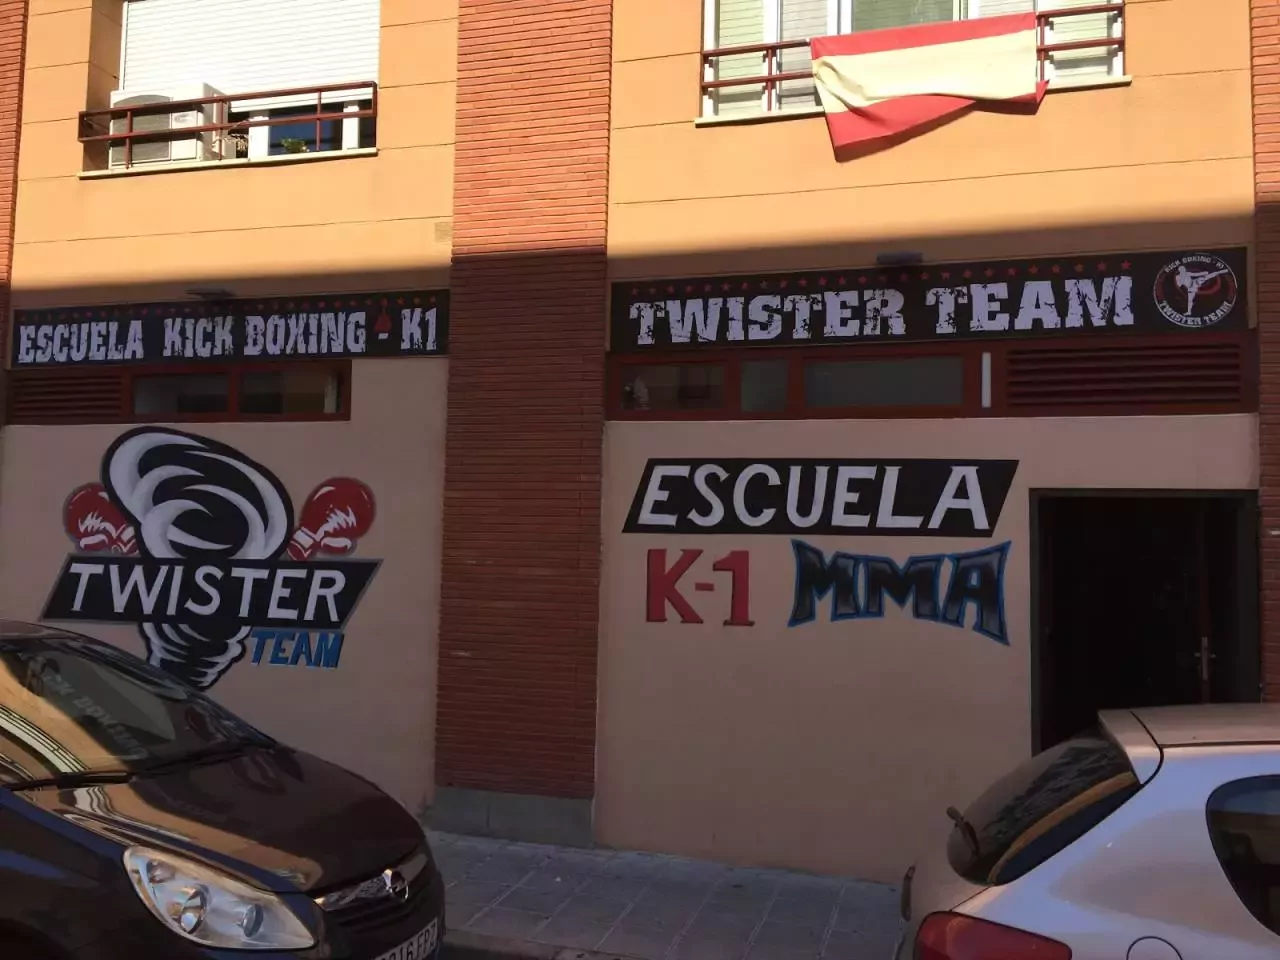 5. Escuela kick boxing Twister team k1
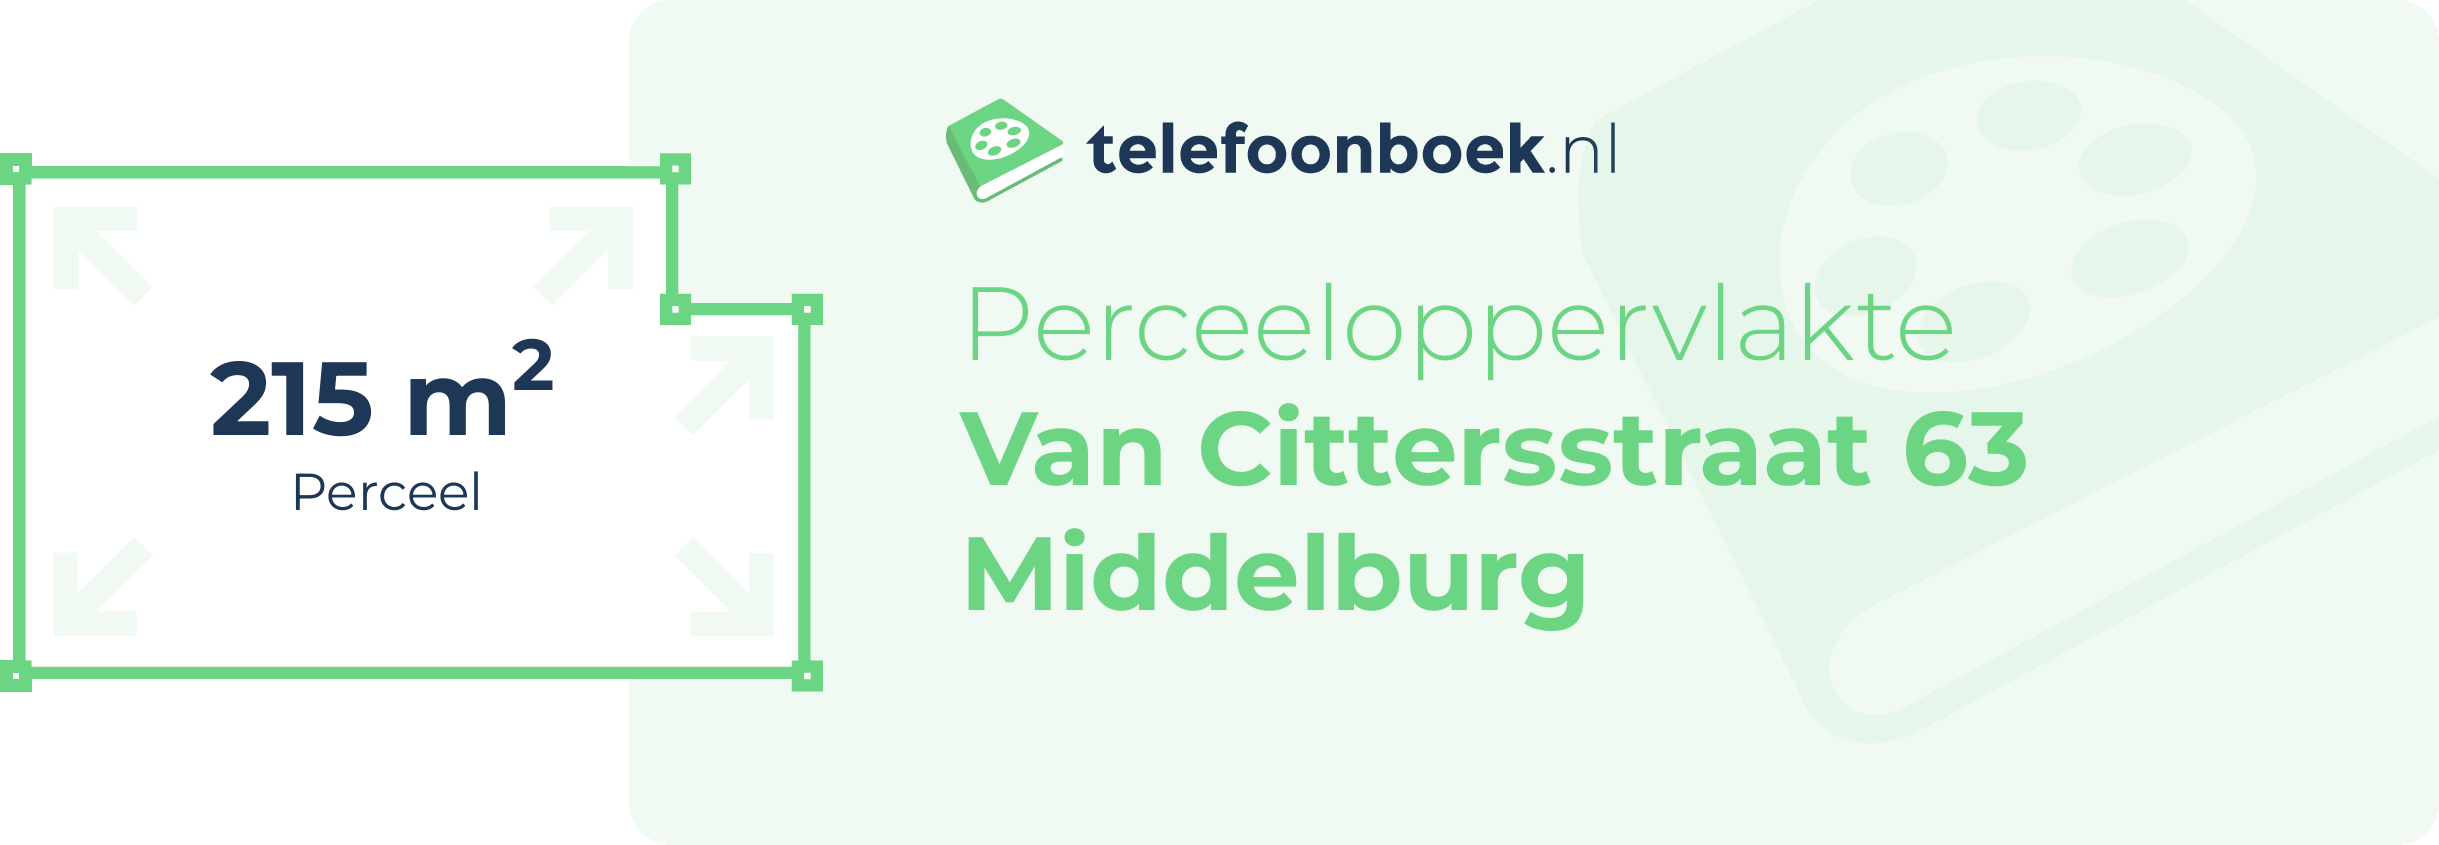 Perceeloppervlakte Van Cittersstraat 63 Middelburg
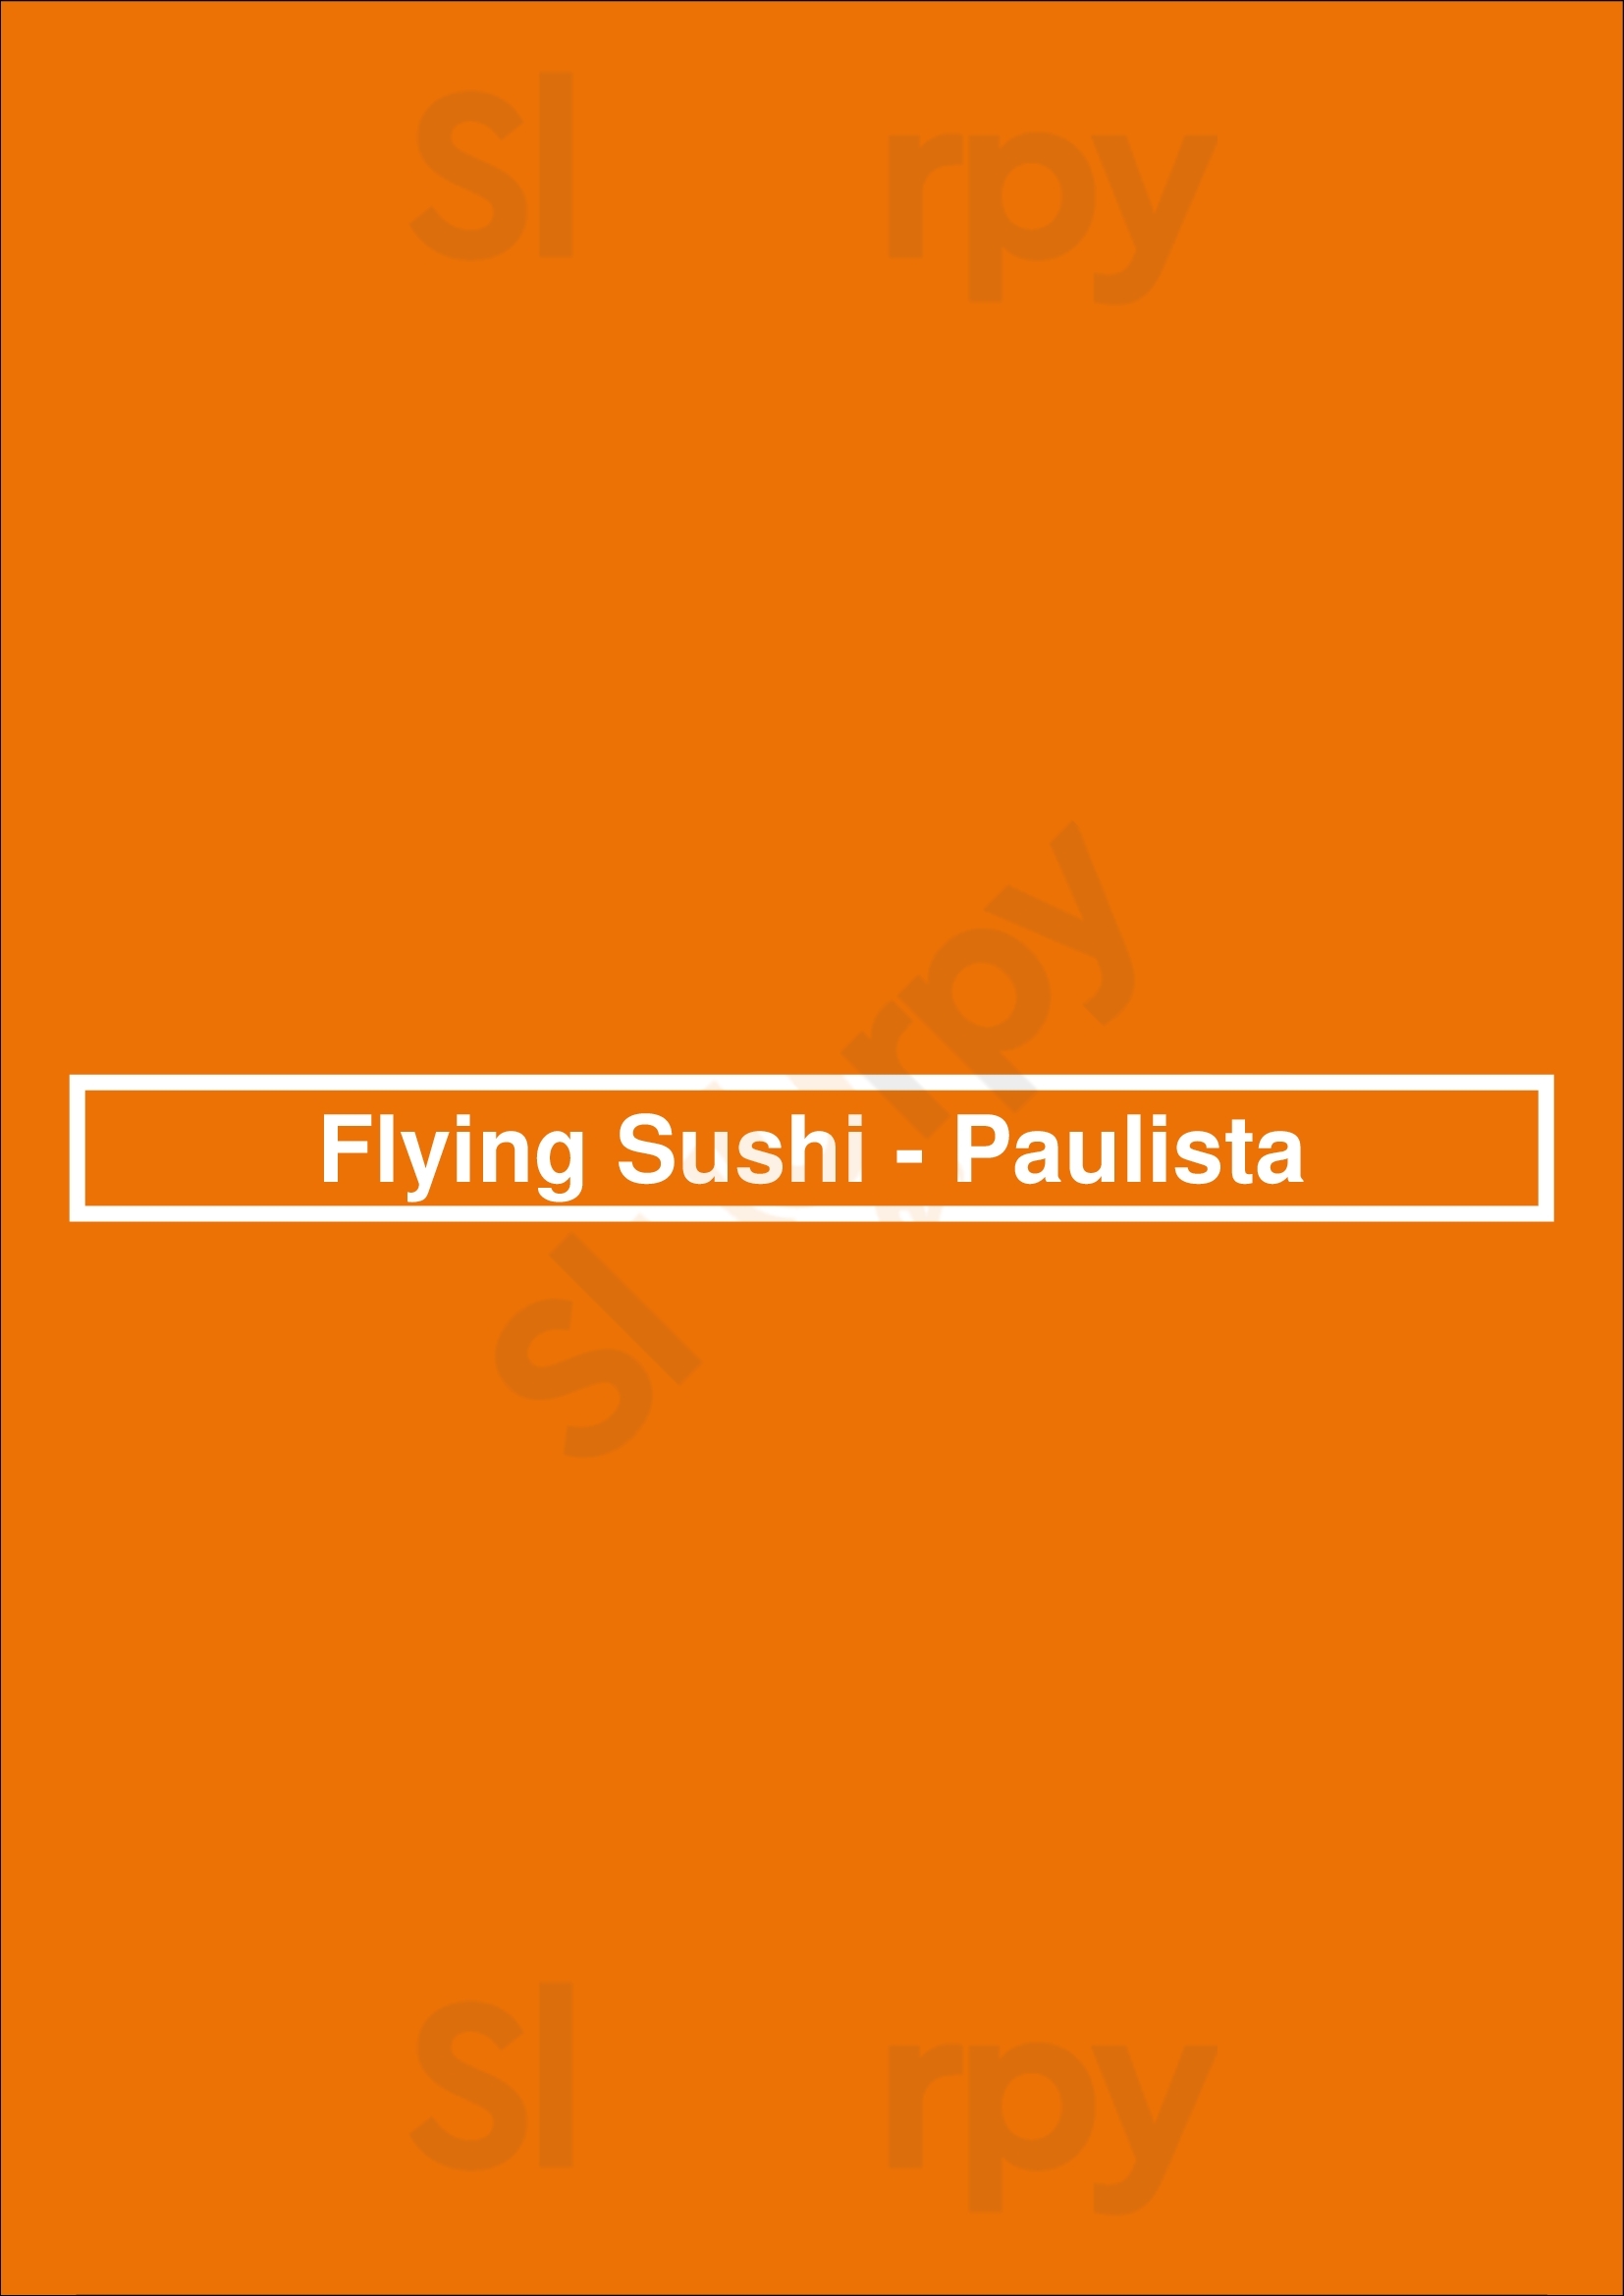 Flying Sushi - Paulista São Paulo Menu - 1
════════════════
WORK REQUIRED:
Leave out the pictures and return the listing exactly.

RESPONSE:
 5. Escuela kick boxing Twister team k1
 Perceeloppervlakte Van Cittersstraat 63 Middelburg
 Flying Sushi - Paulista São Paulo Menu - 1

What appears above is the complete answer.